Brief
Without any pictures, retype exactly the lines that begin at the one holding "BOTA COURO SLOUCH" and end at the last line of the data below.

Provided material
=== Begin Enclosure ===
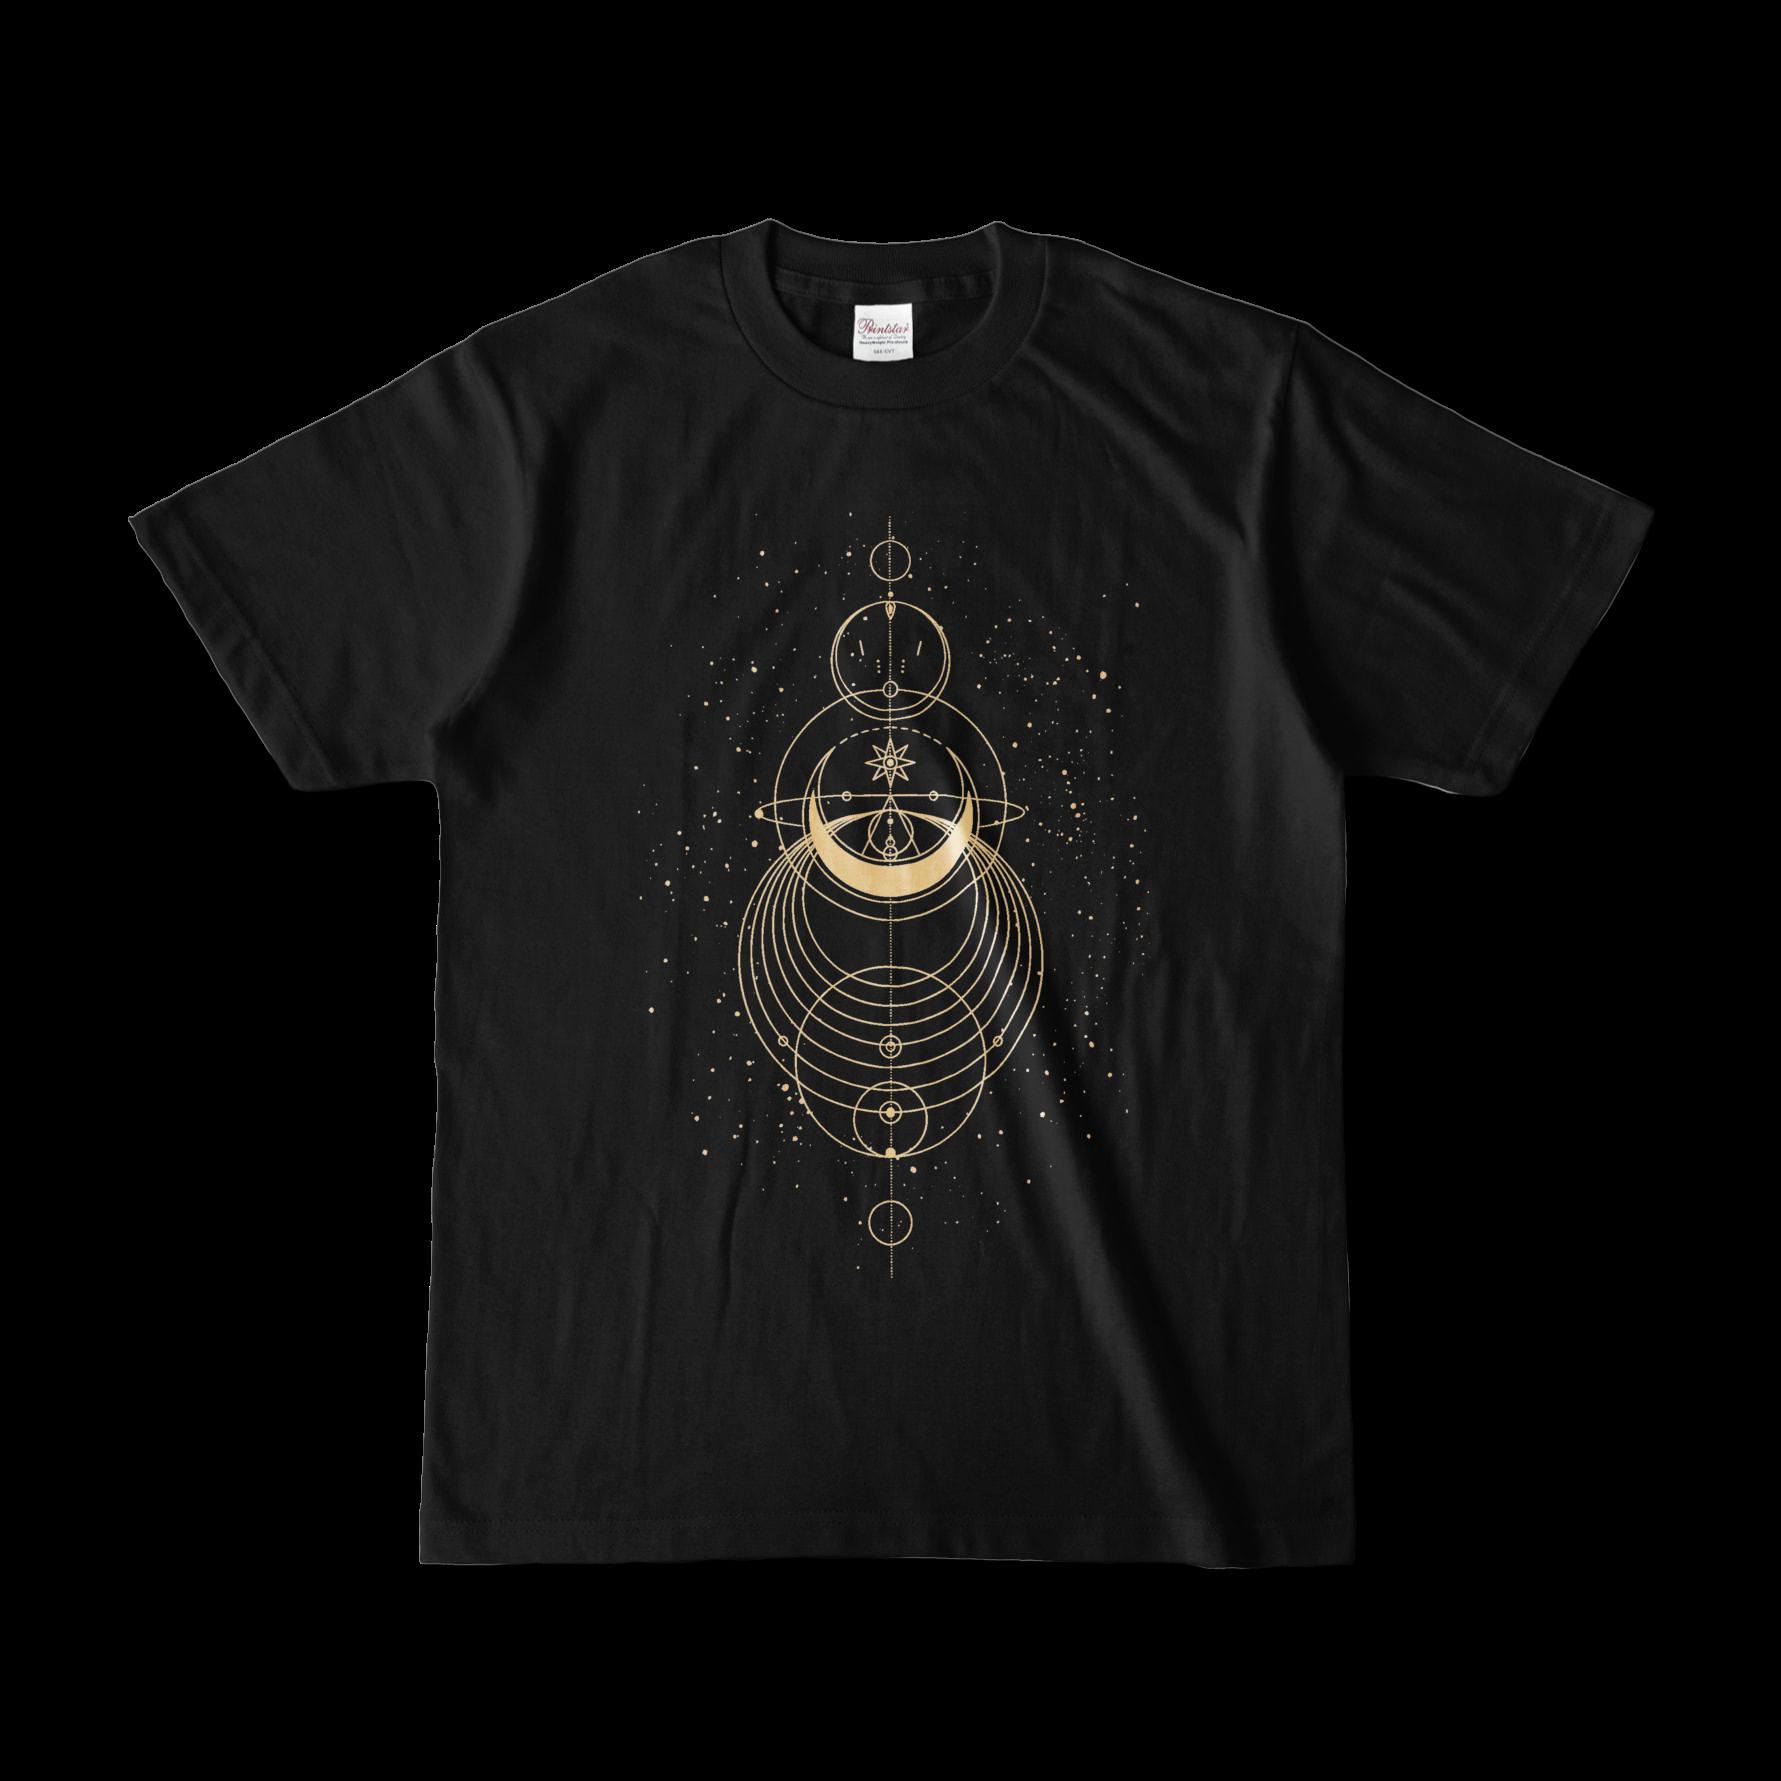 Geometric オリジナルデザインTシャツ ブラック
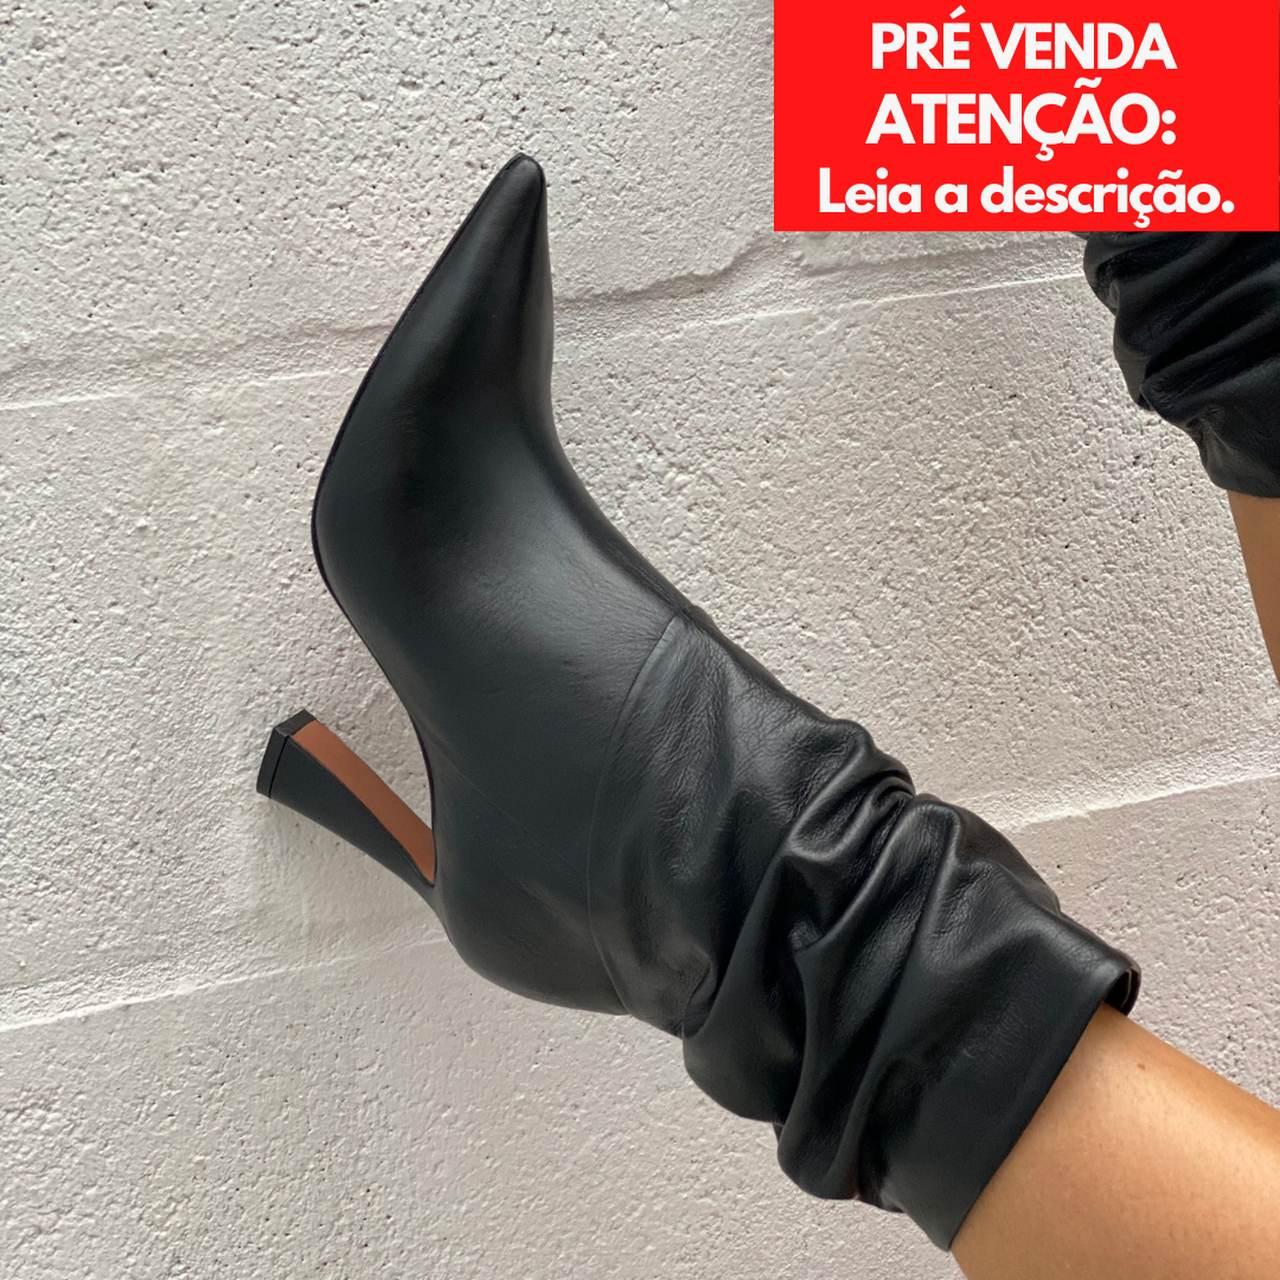 BOTA COURO SLOUCH PRETO VICENZA *** PRÉ VENDA *** DATA PREVISTA DE ENVIO 15/06
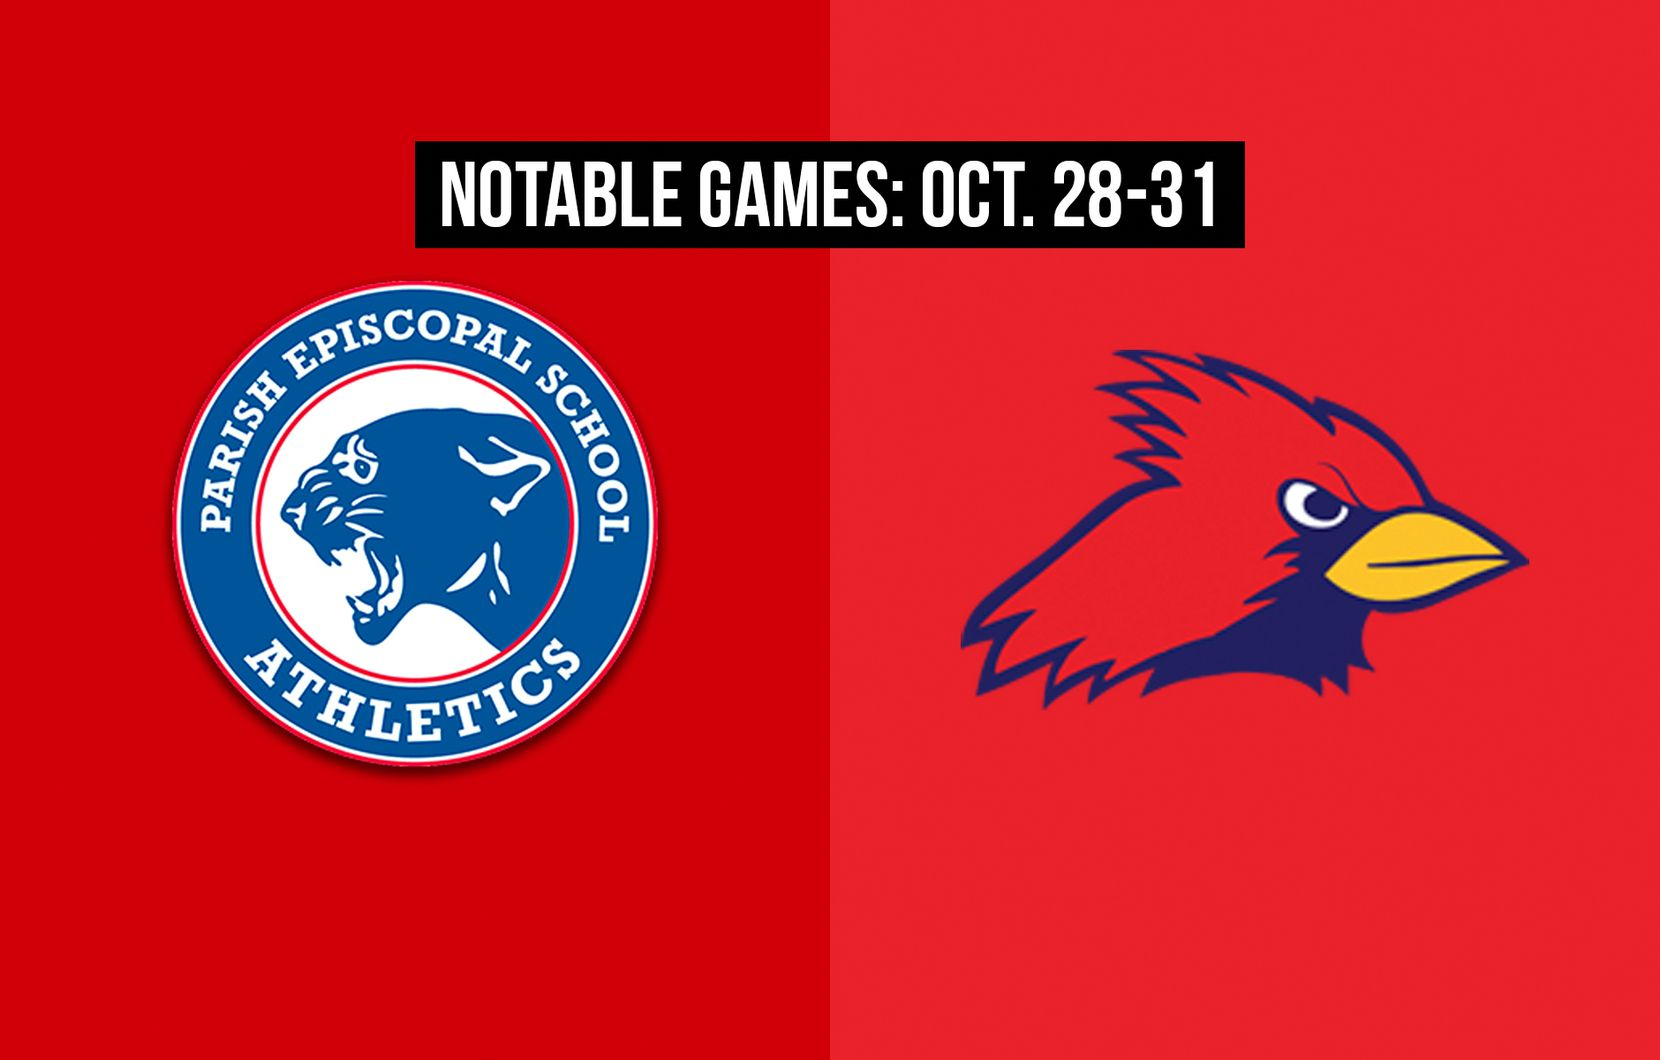 Notable games for the week of Oct. 28-31 of the 2020 season: Parish Episcopal vs. John Paul II.
=== End Enclosure ===
Written answer
 BOTA COURO SLOUCH PRETO VICENZA *** PRÉ VENDA *** DATA PREVISTA DE ENVIO 15/06
 Notable games for the week of Oct. 28-31 of the 2020 season: Parish Episcopal vs. John Paul II.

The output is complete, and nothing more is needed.